In May 2017, the FASB issued Accounting Standard Update 2017-09, “Compensation—Stock Compensation: Scope of Modification Accounting”, which clarifies which changes to the terms or conditions of a share-based payment award require an entity to apply modification accounting. Under the new guidance, modification accounting is required if the fair value, vesting conditions or classification (equity or liability) of the new award are different from the original award immediately before the original award is modified. The standard is effective beginning January 1, 2018, with early adoption permitted. We are currently evaluating the potential impact of adopting this guidance on our consolidated financial statements.
Off Balance Sheet Arrangements
We have no off-balance sheet arrangements.

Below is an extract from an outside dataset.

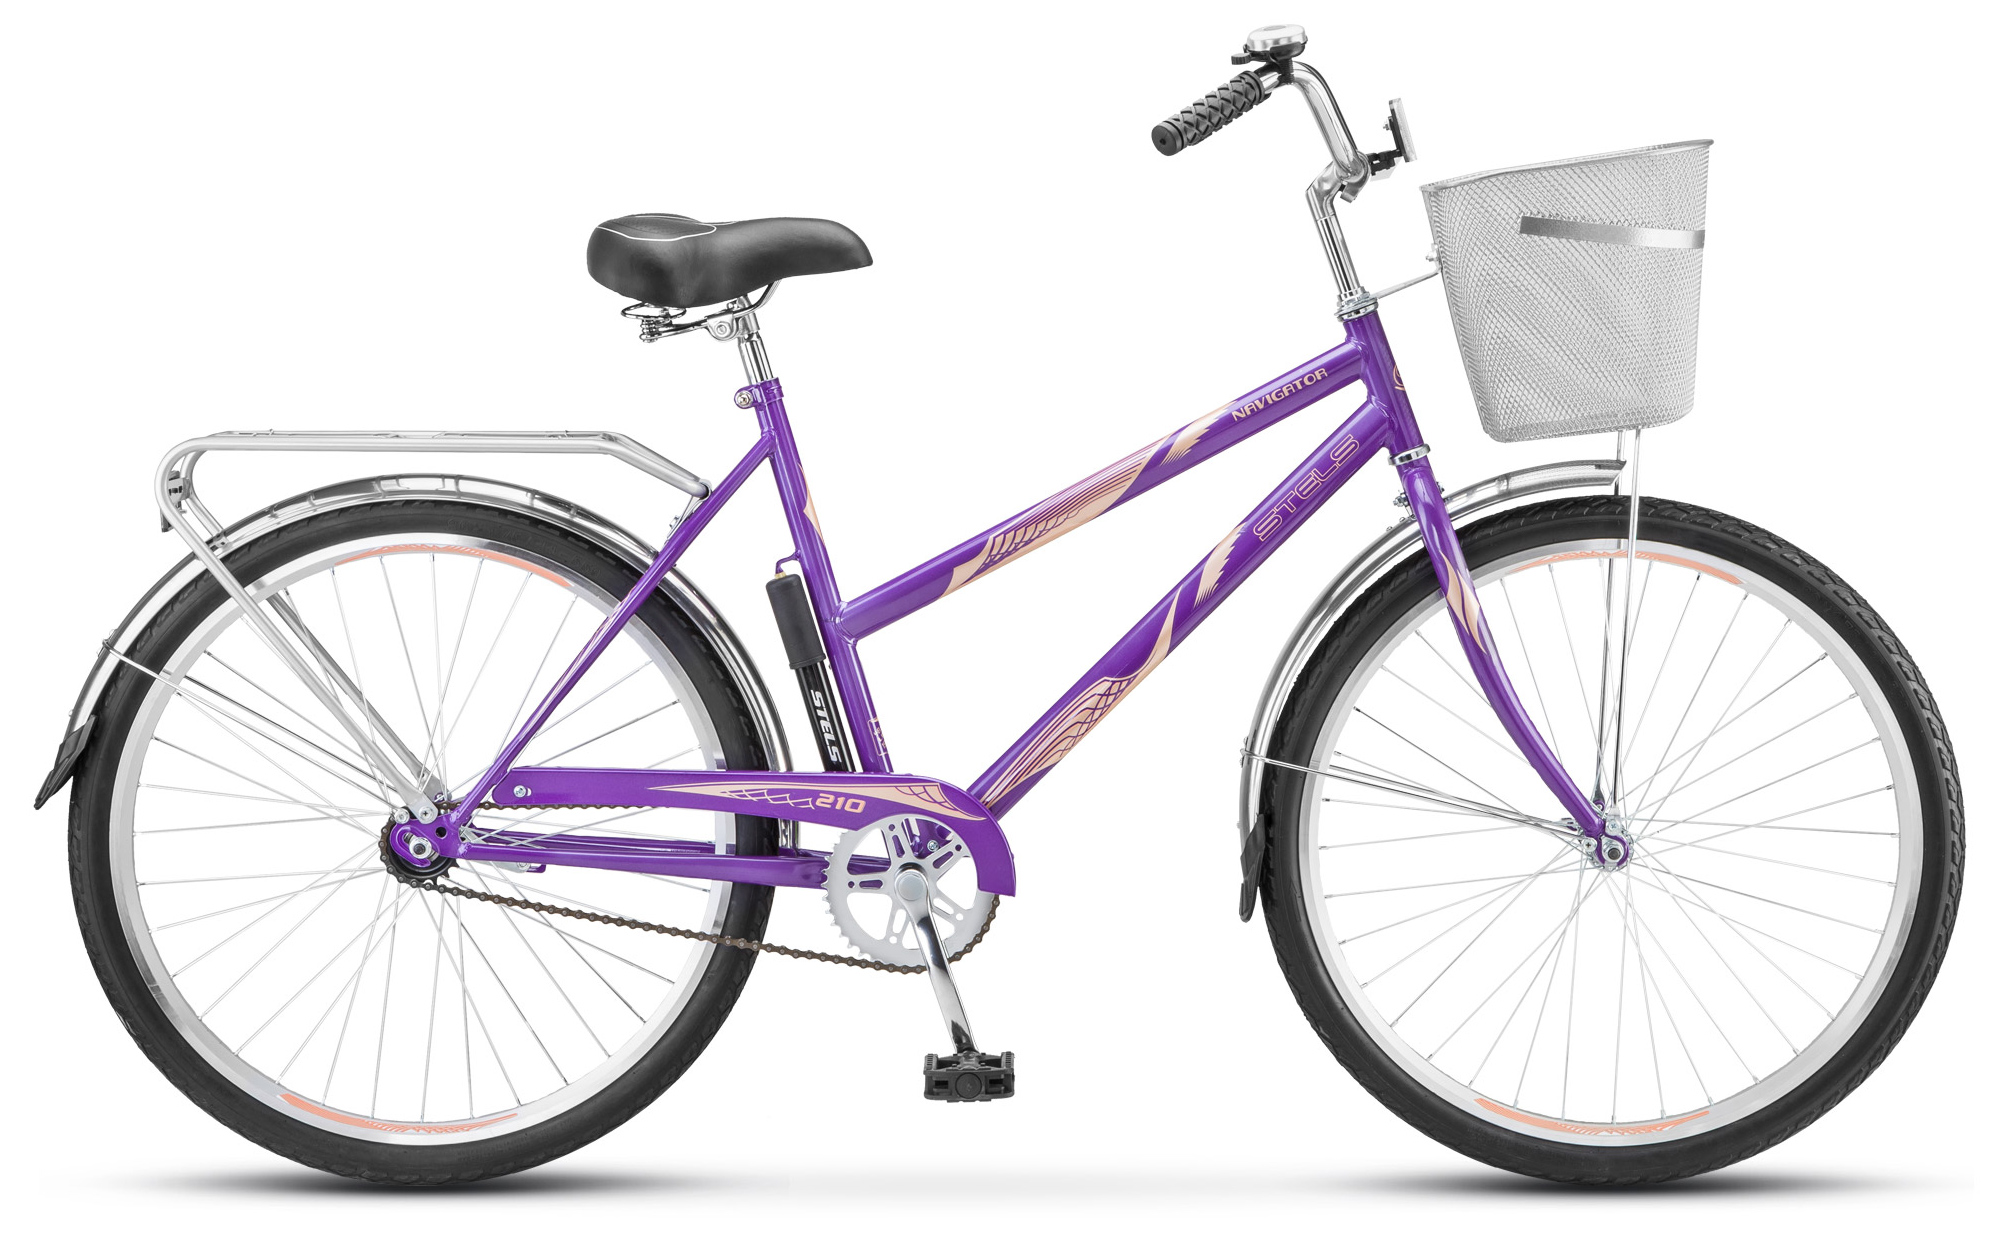  Отзывы о Женском велосипеде Stels Navigator 210 Lady 26" (Z010) 2019

ITEM 3. QUANTITATIVE AND QUALITATIVE DISCLOSURES ABOUT MARKET RISK.
Not applicable.
ITEM 4. CONTROLS AND PROCEDURES.
Disclosure Controls and Procedures
We carried out an evaluation, under the supervision and with the participation of our management, including our chief executive officer and chief financial officer, of the effectiveness of the design and operation of our disclosure controls and procedures, as defined in Rules 13a-15(e) and 15d-15(e) under the Securities Exchange Act of 1934, as amended (the ‘‘Exchange Act’’). Disclosure controls and procedures include, without limitation, controls and procedures that are designed to ensure that information required to be disclosed by an issuer in the reports that it files or submits under the Exchange Act is accumulated and communicated to the issuer’s management, including its principal executive and principal financial officers, or persons performing similar functions, as appropriate to allow timely decisions regarding required disclosure. Based upon our evaluation, our chief executive officer and chief financial officer concluded that our disclosure controls and procedures are effective for the period ended September 30, 2017 in ensuring that information that we are required to disclose in reports that we file or submit under the Exchange Act is recorded, processed, summarized and reported within the time periods specified in the Securities and Exchange Commission rules and forms.

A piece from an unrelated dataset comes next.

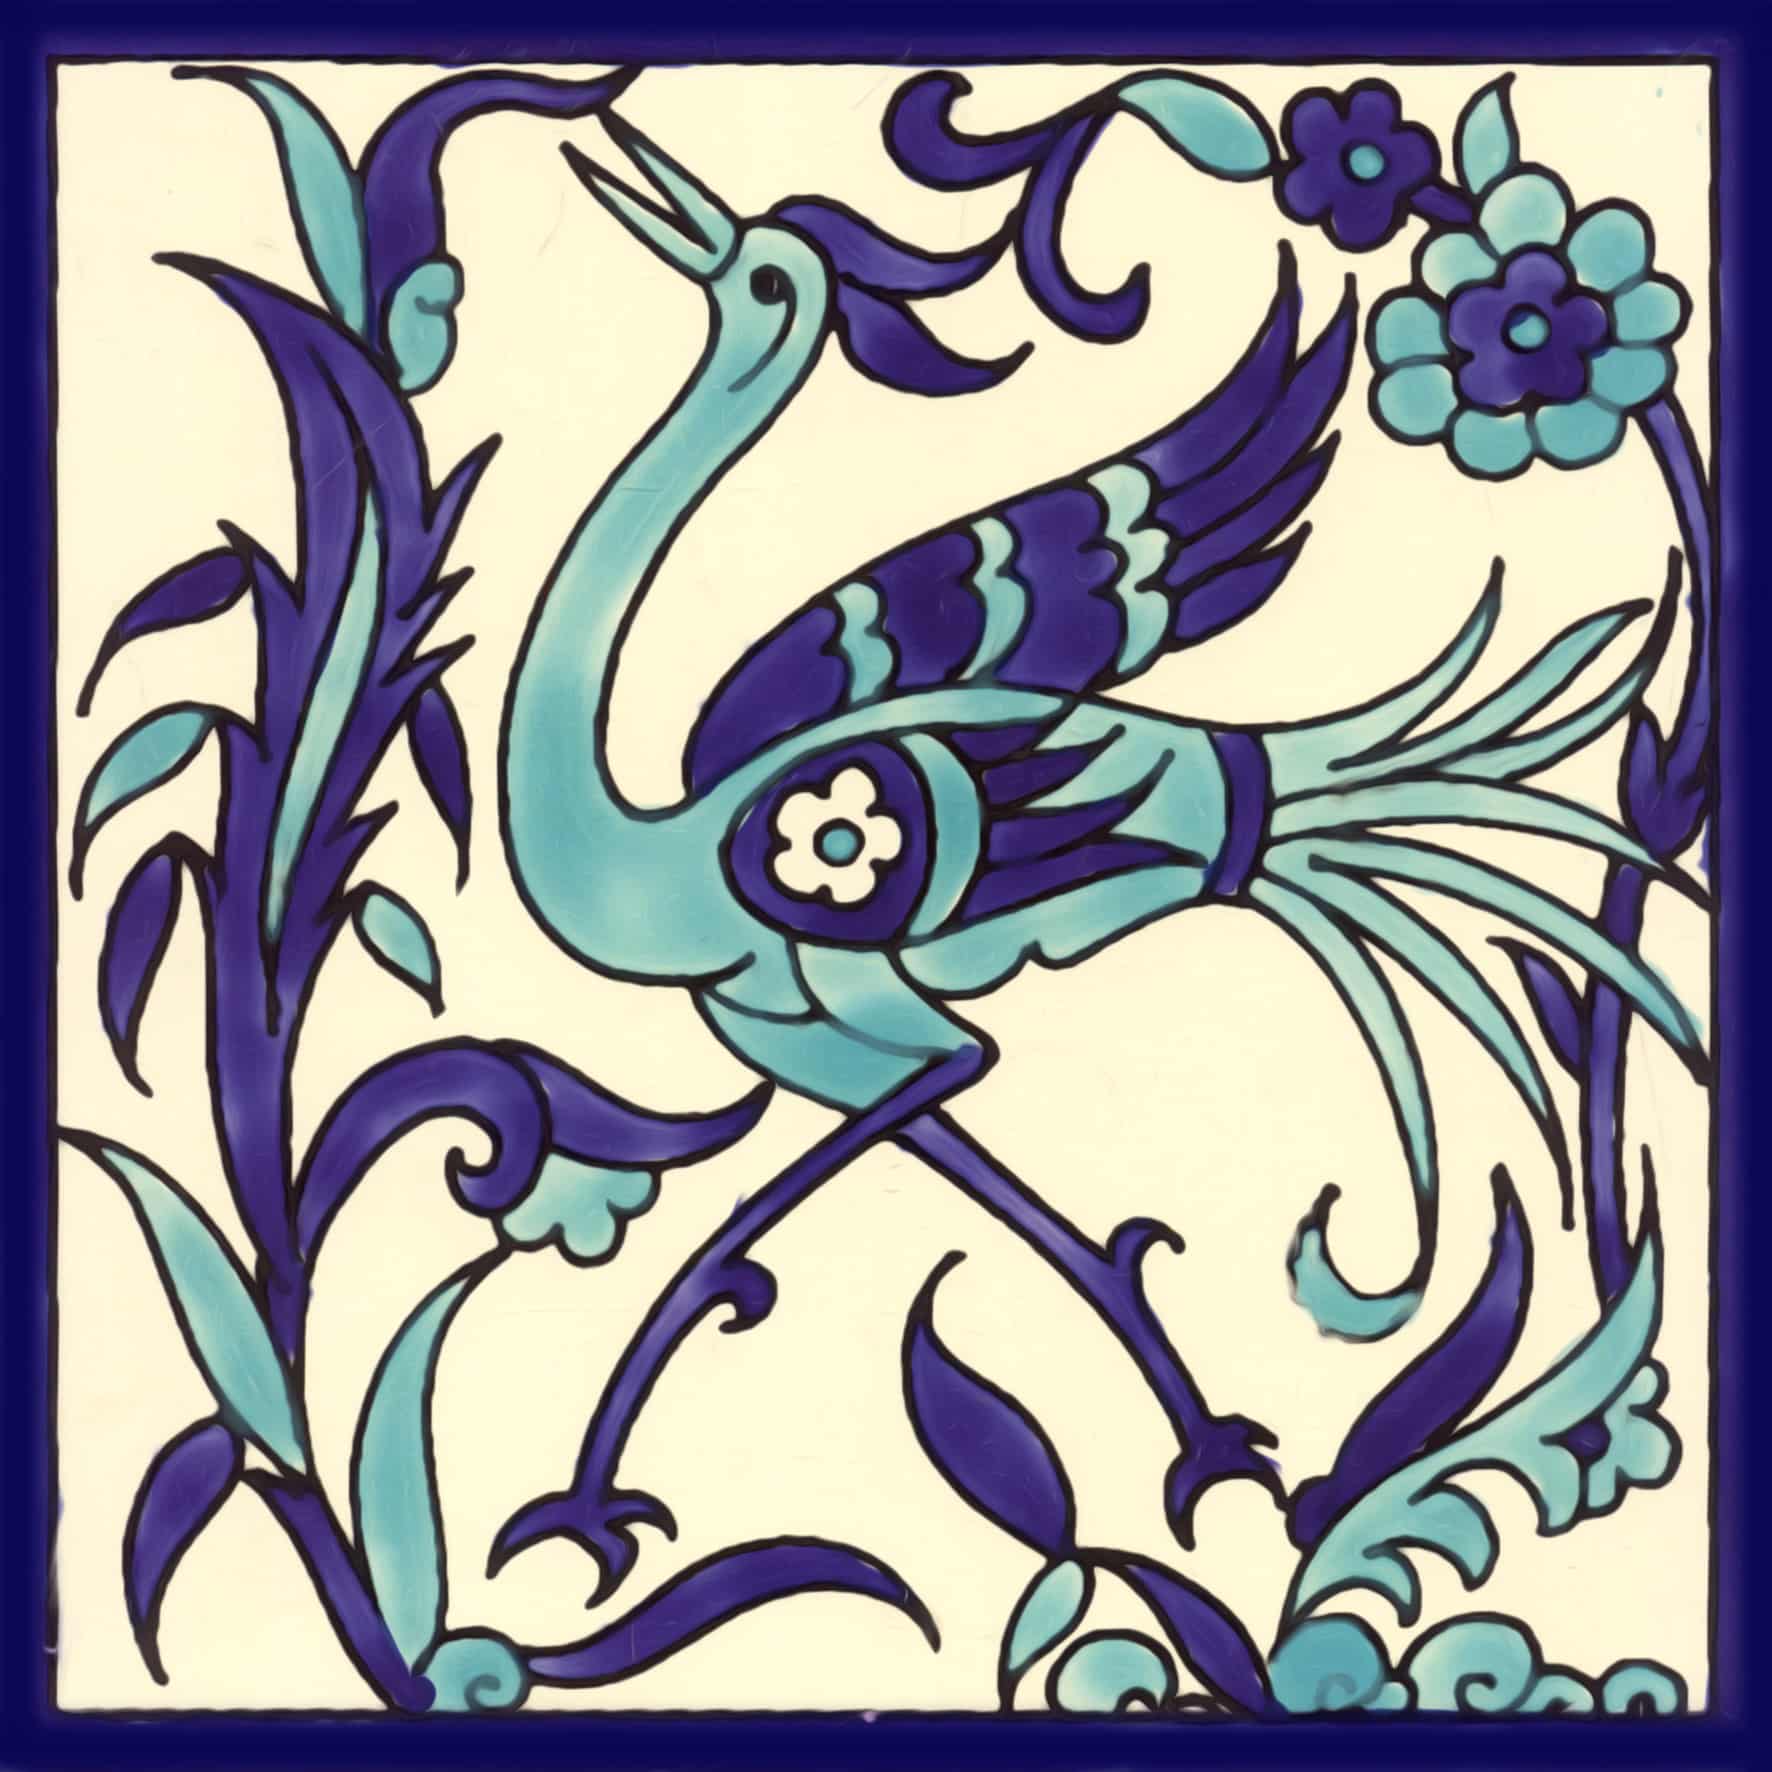 St 6 Peacock blue tile art design

Changes in Internal Control over Financial Reporting
There were no changes in our internal control over financial reporting that occurred during the quarter ended September 30, 2017 that have materially affected, or are reasonably likely to materially affect, our internal control over financial reporting.
Inherent Limitations over Internal Controls
Internal control over financial reporting cannot provide absolute assurance of achieving financial reporting objectives because of its inherent limitations, including the possibility of human error and circumvention by collusion or overriding of controls. Accordingly, even an effective internal control system may not prevent or detect material misstatements on a timely basis. Also, projections of any evaluation of effectiveness to future periods are subject to the risk that controls may become inadequate because of changes in conditions or that the degree of compliance with the policies or procedures may deteriorate.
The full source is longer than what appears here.